What the task requires>
Give back every line of the material exactly. Skip the pictures.

Data segment>
━━━━━━━━━━━━━━━━━━━━━━━━━━━━━━

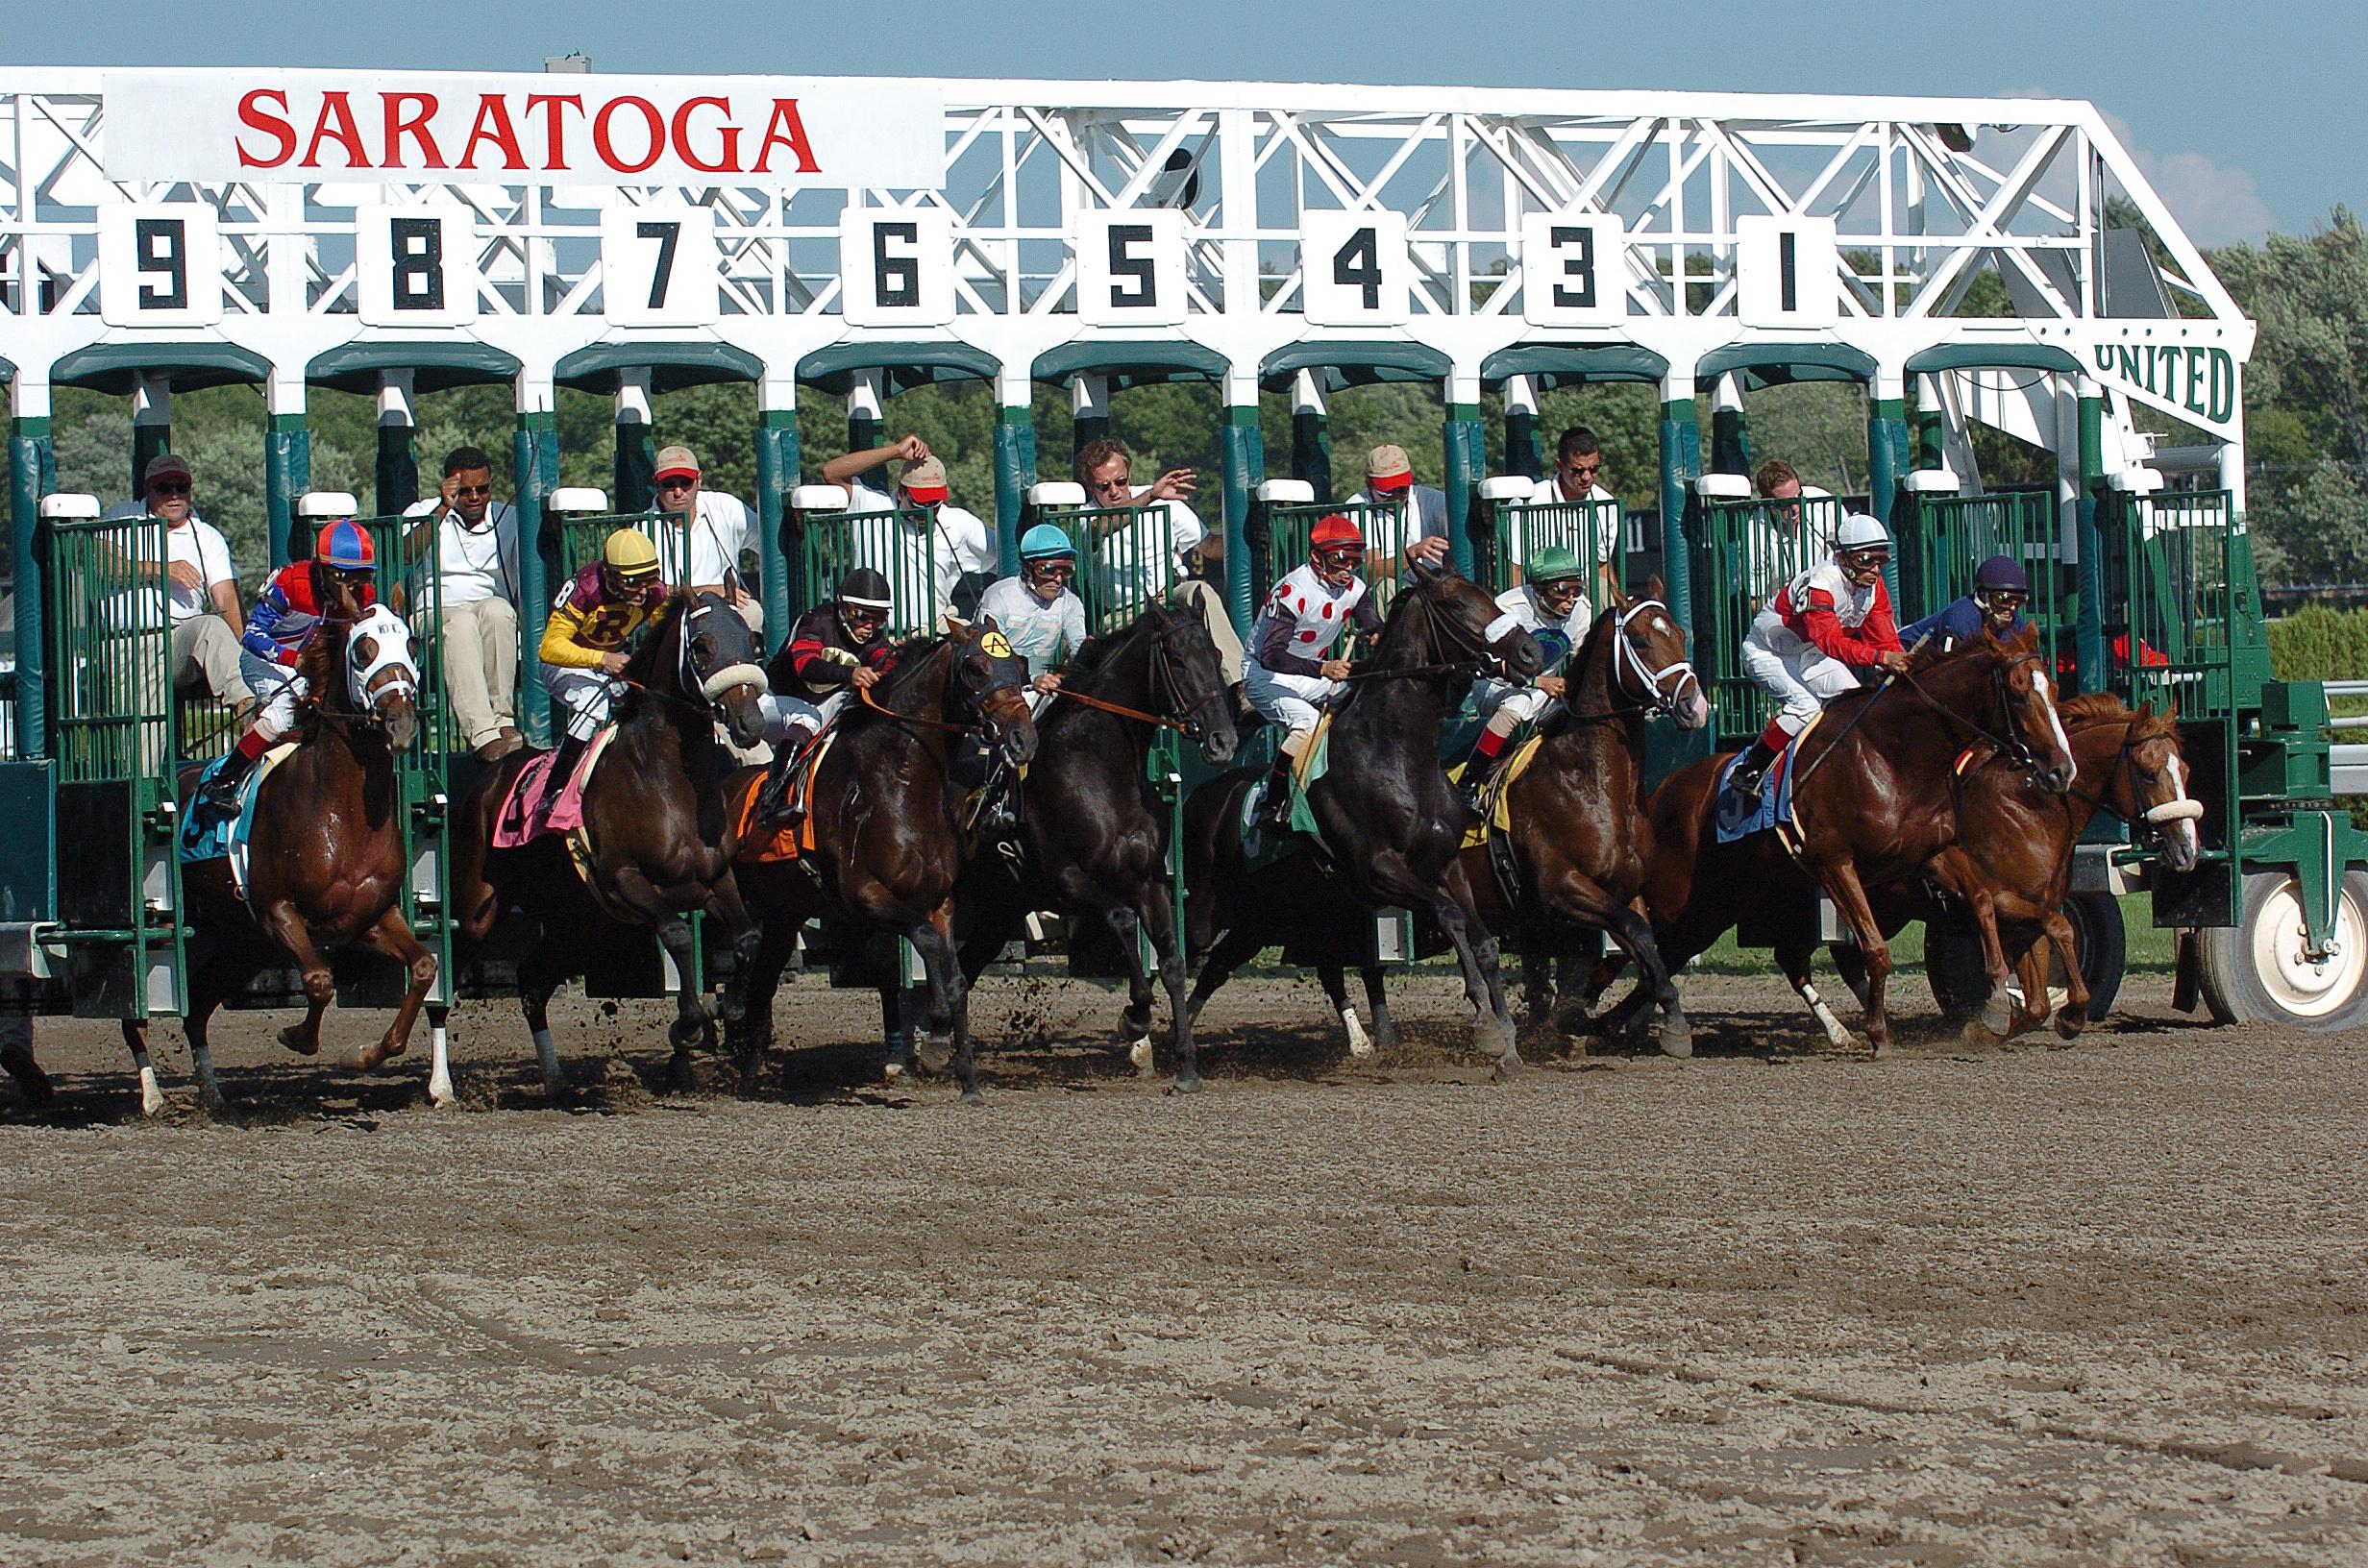 SARATOGA GATE HORSES.jpg
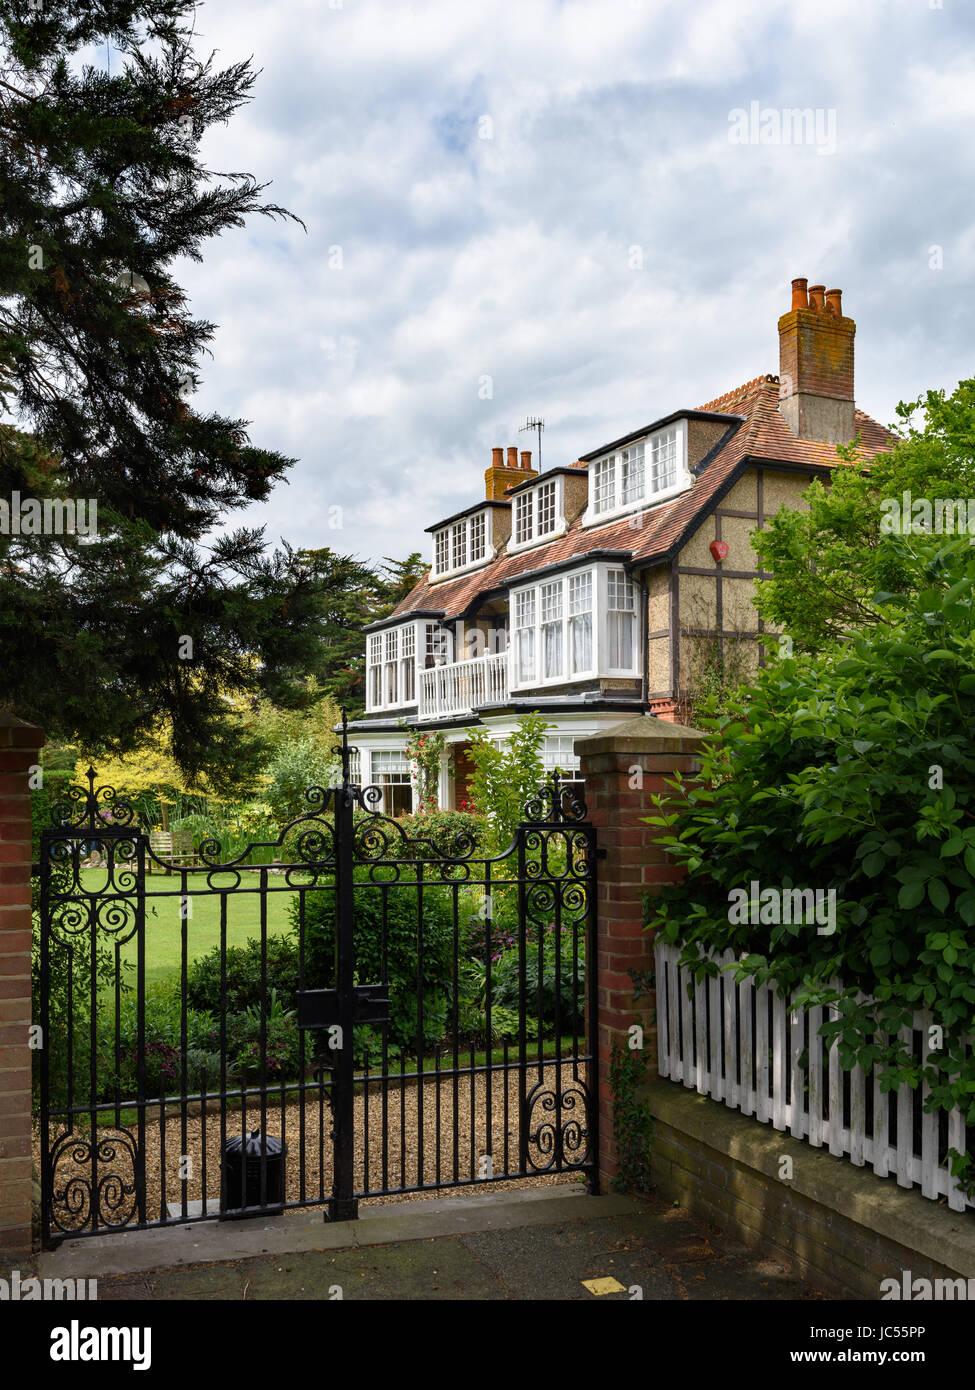 Detached House, Isle of Wight, UK - Stock Image
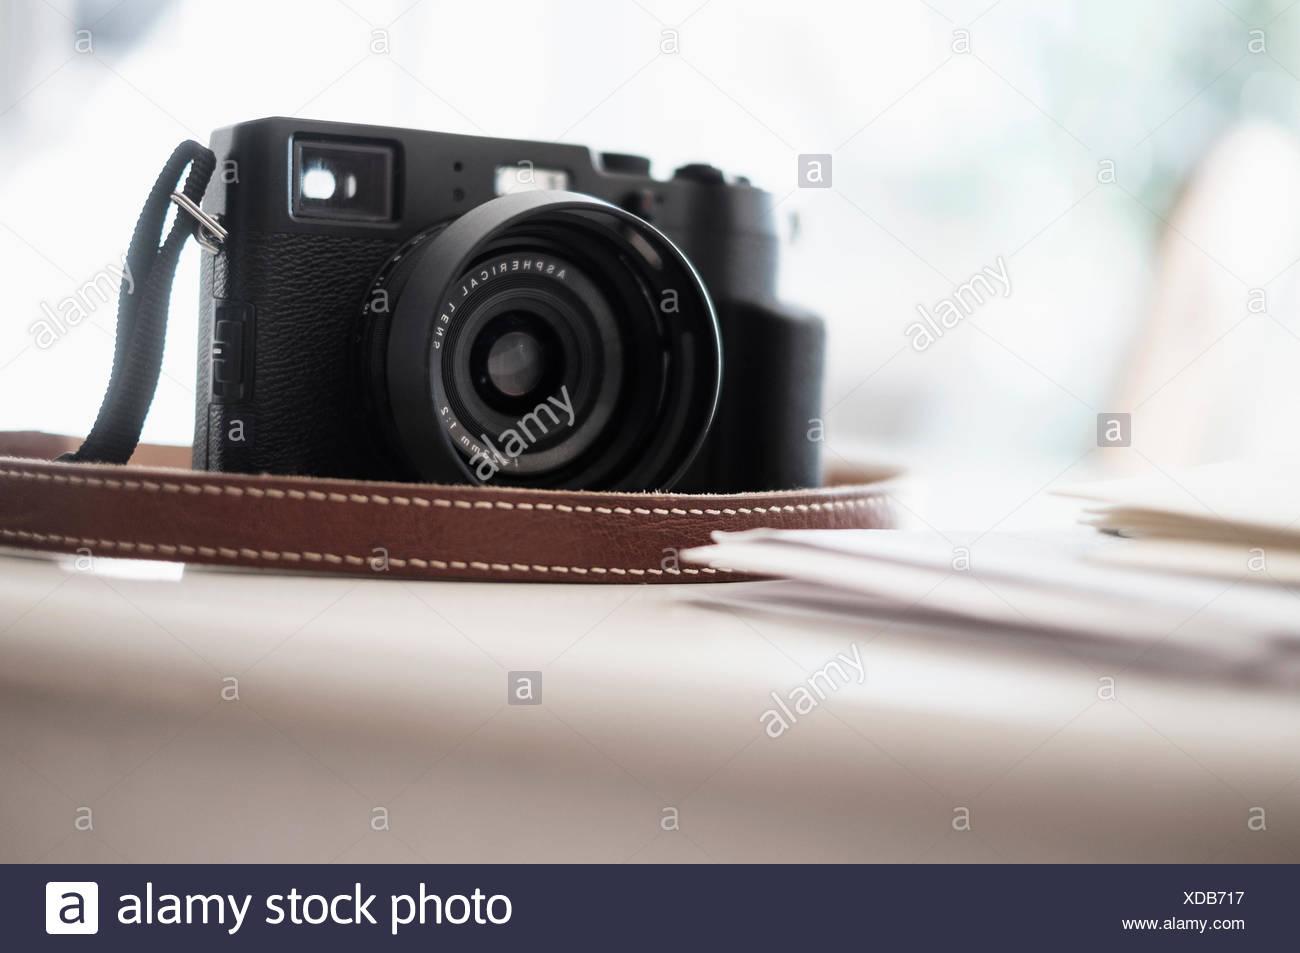 Digital camera on desk - Stock Image

━━━━━━━━━━━━━━━━━━━━━━━━━━━━━━

Solved exercise>
 SARATOGA GATE HORSES.jpg
 Detached House, Isle of Wight, UK - Stock Image
 Digital camera on desk - Stock Image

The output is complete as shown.